Many people will be aware of the comments by Pastor Danny Nalliah of Catch the Fire Ministries concerning the Victorian bushfires. He had a dream back in November in which he saw Victoria on fire and that God told him that Victoria would be judged for the Government’s decision to de-criminalise abortion. Pastor Danny sees Black Saturday as that judgment being fulfilled.
As with many others, I see Danny’s comments as offensive in the extreme, arrogant, and based on very poor theology. His comments are far from biblical. Two well-thought-through responses have come from Barney Zwartz at The Age and Mark Conner of City Life Church in Melbourne’s eastern suburbs.
Danny Nalliah’s comments are simply wrong for the following reasons:
- They contradict the very nature of God. God is a God of grace and love. It could be said that at least Nalliah’s comments are based on the Old Testament. But even this falls down. If you take Sodom and Gomorrah, perhaps the most famous subject of judgment in the Old Testament, even there God was willing to save the town if even a handful of people were found to be following the right way. Do we really believe that God does not find anyone good in Victoria? That thought is a blight on the amazing good being done by so many in the name of Christ here.
- Following on from the above point, the idea of God judging a whole lot of innocent people for the sins of some is the same ideology that guides al-Qaeda. They believe in murdering as many innocent Westerners as possible because of mainly American foreign policy.
- Jesus said that the rain falls on the good and the bad alike. When 18 people were killed at the tower of Siloam, as told in Luke’s Gospel, Jesus was asked who sinned that this happened. Jesus’ response was that no one sinned.
- The thinking of many leaders in the Pentecostal tradition is that of being ‘anointed and appointed’, and that any questioning of their authority is akin to being of the devil. Therefore they have an aura of a kind of papal infallibility about pronouncements they make. As a result of this attitude, you have people like Danny Nalliah making these outlandish statements based on a dream they had, rather than basing it on the character of God. This is where I much prefer the evangelical idea of the Bible being seen as an authority (though not necessarily the only one – as Fuzz Kitto says, we need to be careful that we worship God and not the Bible), as it shows clearly who Jesus is, and is, I believe, inspired by God.
- I think Barney Zwartz is spot on when he says that at times like these, the role of religion is consolation.

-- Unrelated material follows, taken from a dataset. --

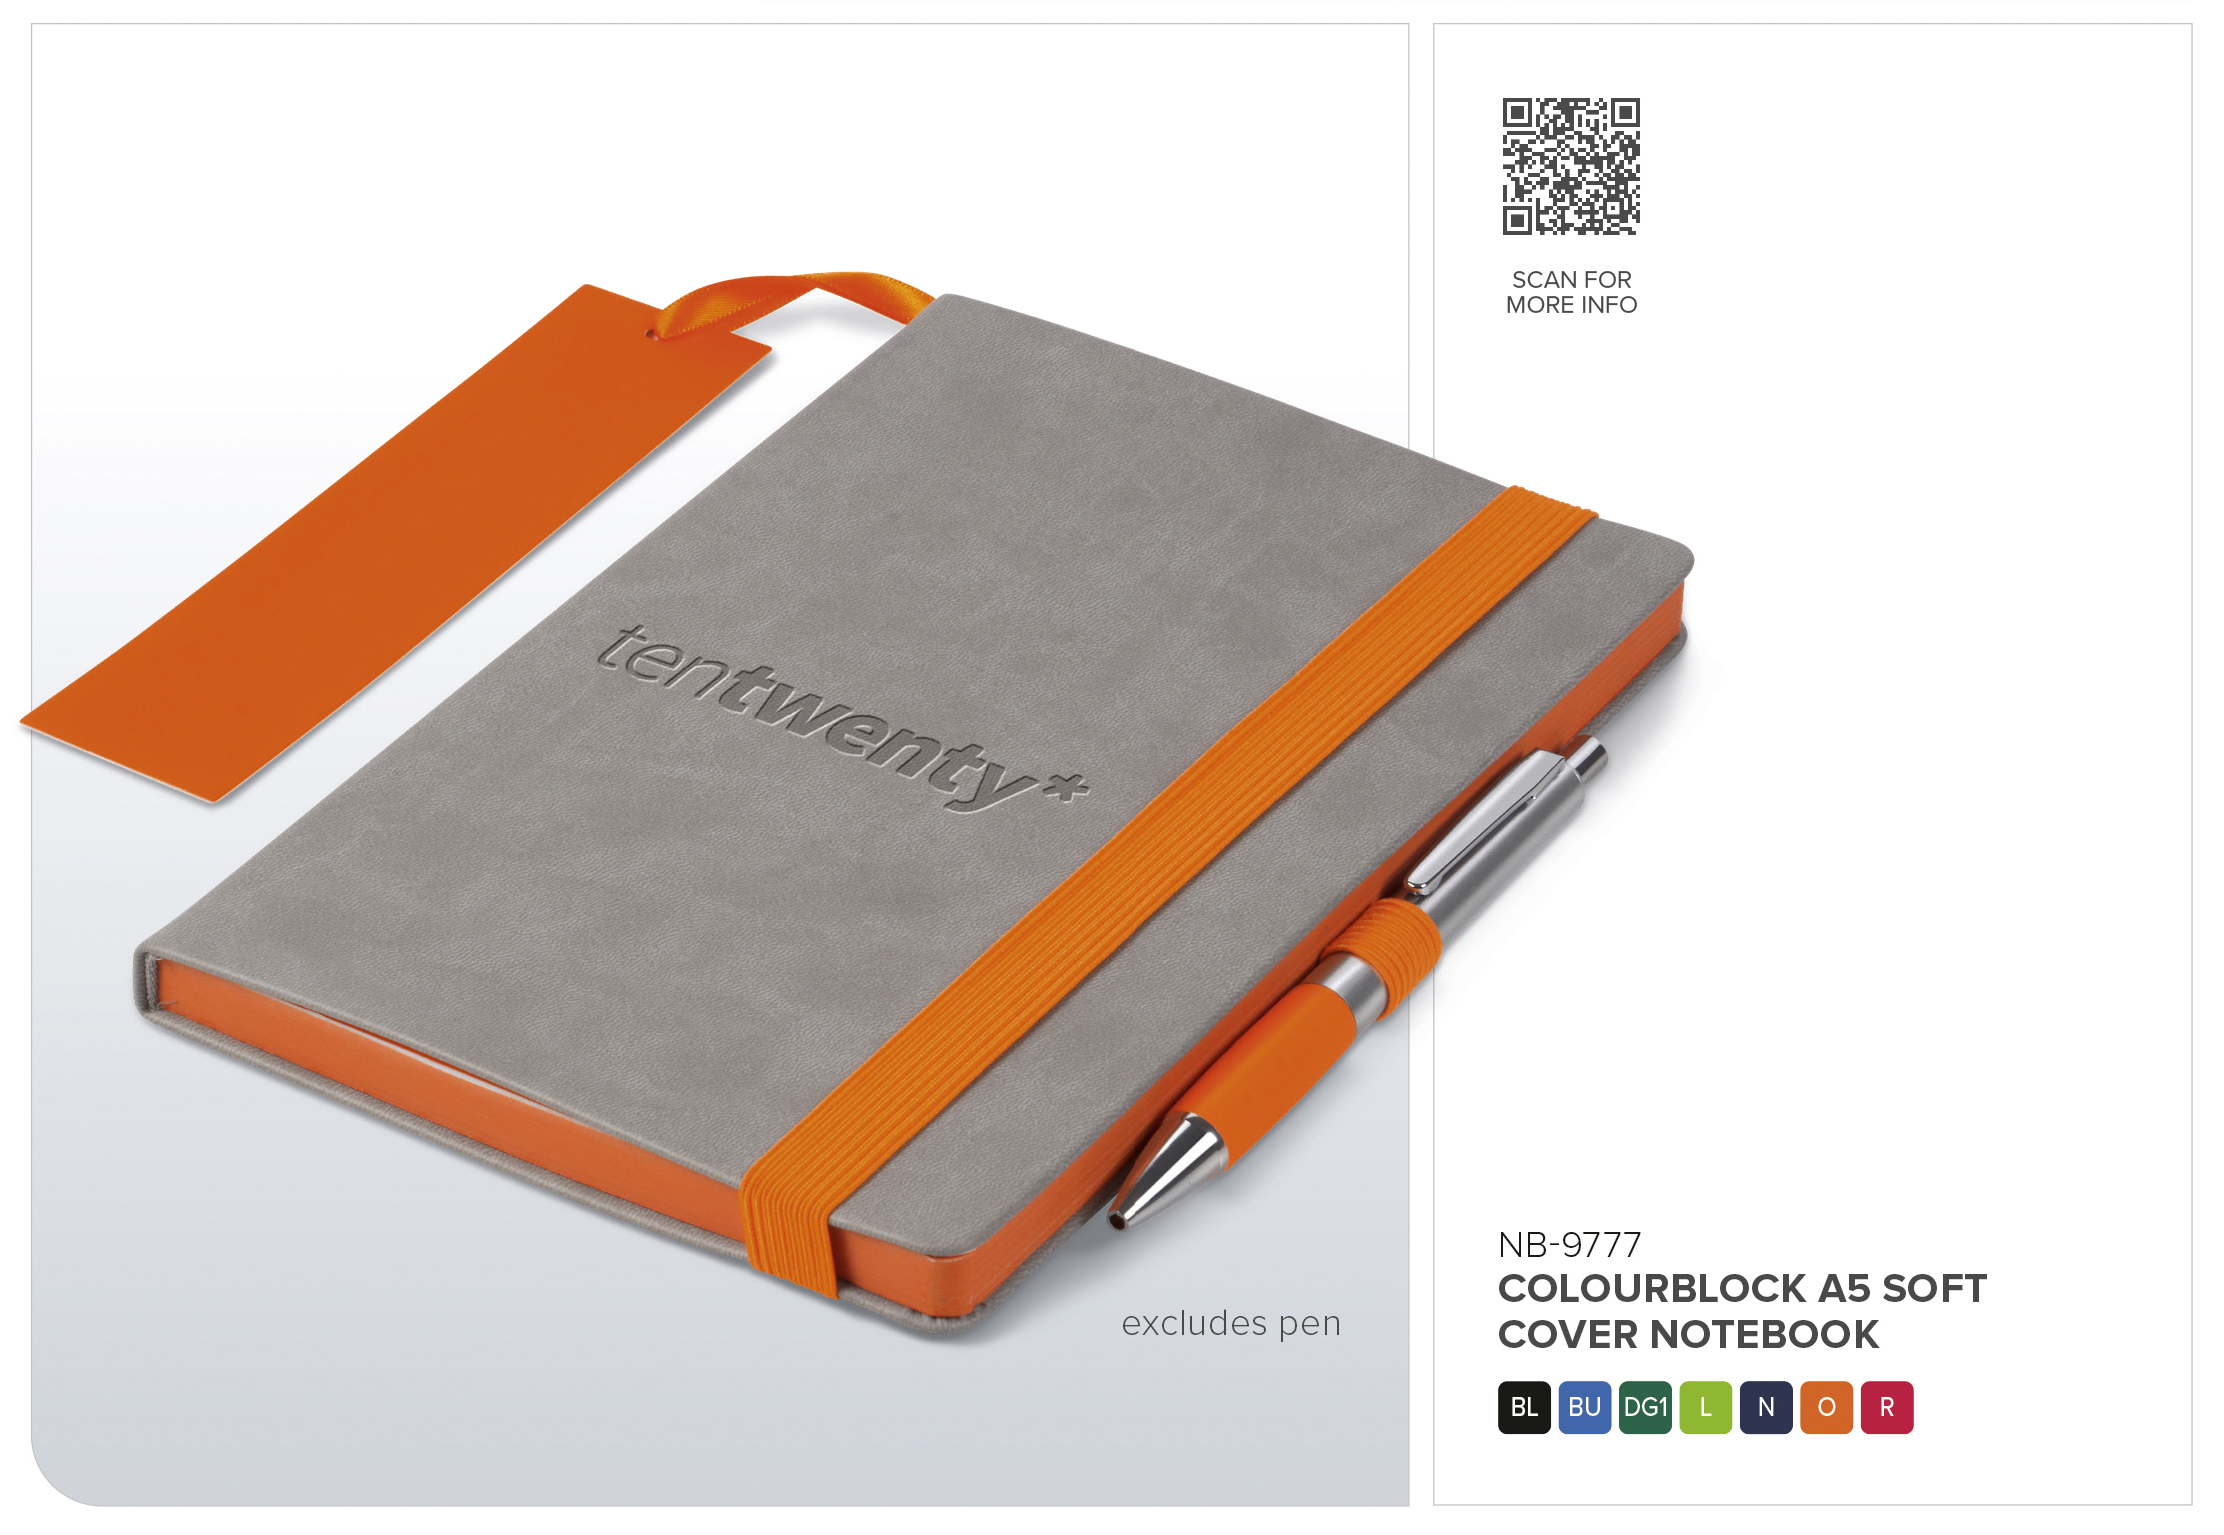 NB-9777 - Colourblock A5 Soft Cover Notebook - Catalogue Image
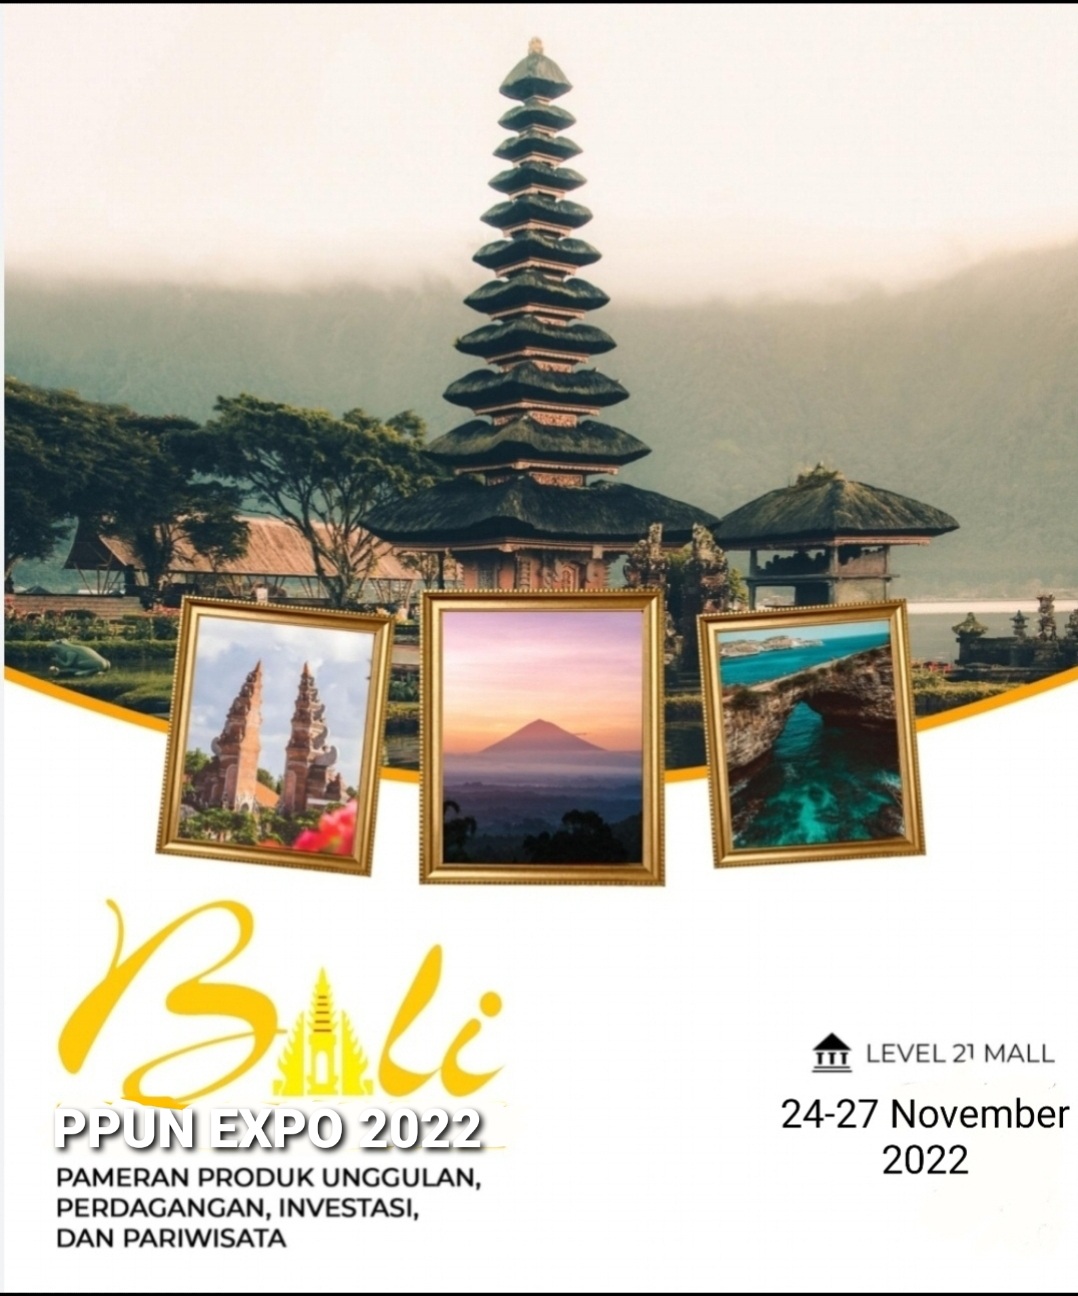 Pameran Nasional: Bali PPUN Expo 2022

It’s interesting how many people have talked about prayer. John Brumby, television reporters and others have all talked about offering their thoughts and prayers. In my mind, God weeps at a time like this.
- In the story of the feeding of the 5,000, there is no record of Jesus saying that they were hungry because of the judgment of God. On the contrary, Jesus looked on them with compassion because they were like sheep without a shepherd. Then he proceeded to feed them and there was plenty of food left over, a sign of God’s outlandish generosity.
I have no problem with the idea of God speaking through dreams, but I also recall something that Rowland Croucher has said about prophecy. In his dealings with thousands of counselling clients over many years, he says that an overwhelming amount of them have had their lives destroyed because someone told them they had had a prophecy about them and they trusted them and went along with it. Croucher also says that if someone claims to have a word from the Lord and they have not heard it in a period of extended solitude, then they are not in the biblical tradition.
What I know is that the fullest revelation of God we have is Jesus, the crucified God who wept over Jerusalem and showed grace and love to all.
I also see God at work in the aftermath of the fires, in the amazing outpouring of generosity of Australians in giving money, clothes and time to total strangers. I also see it in the picture of the firefighter bottle-feeding a heat-stressed koala. This is the image of God in humanity.
These thoughts above are from my knowledge of God in my life, in the lives of others, and from the Bible. The comments of Danny Nalliah have no place in the kingdom of God.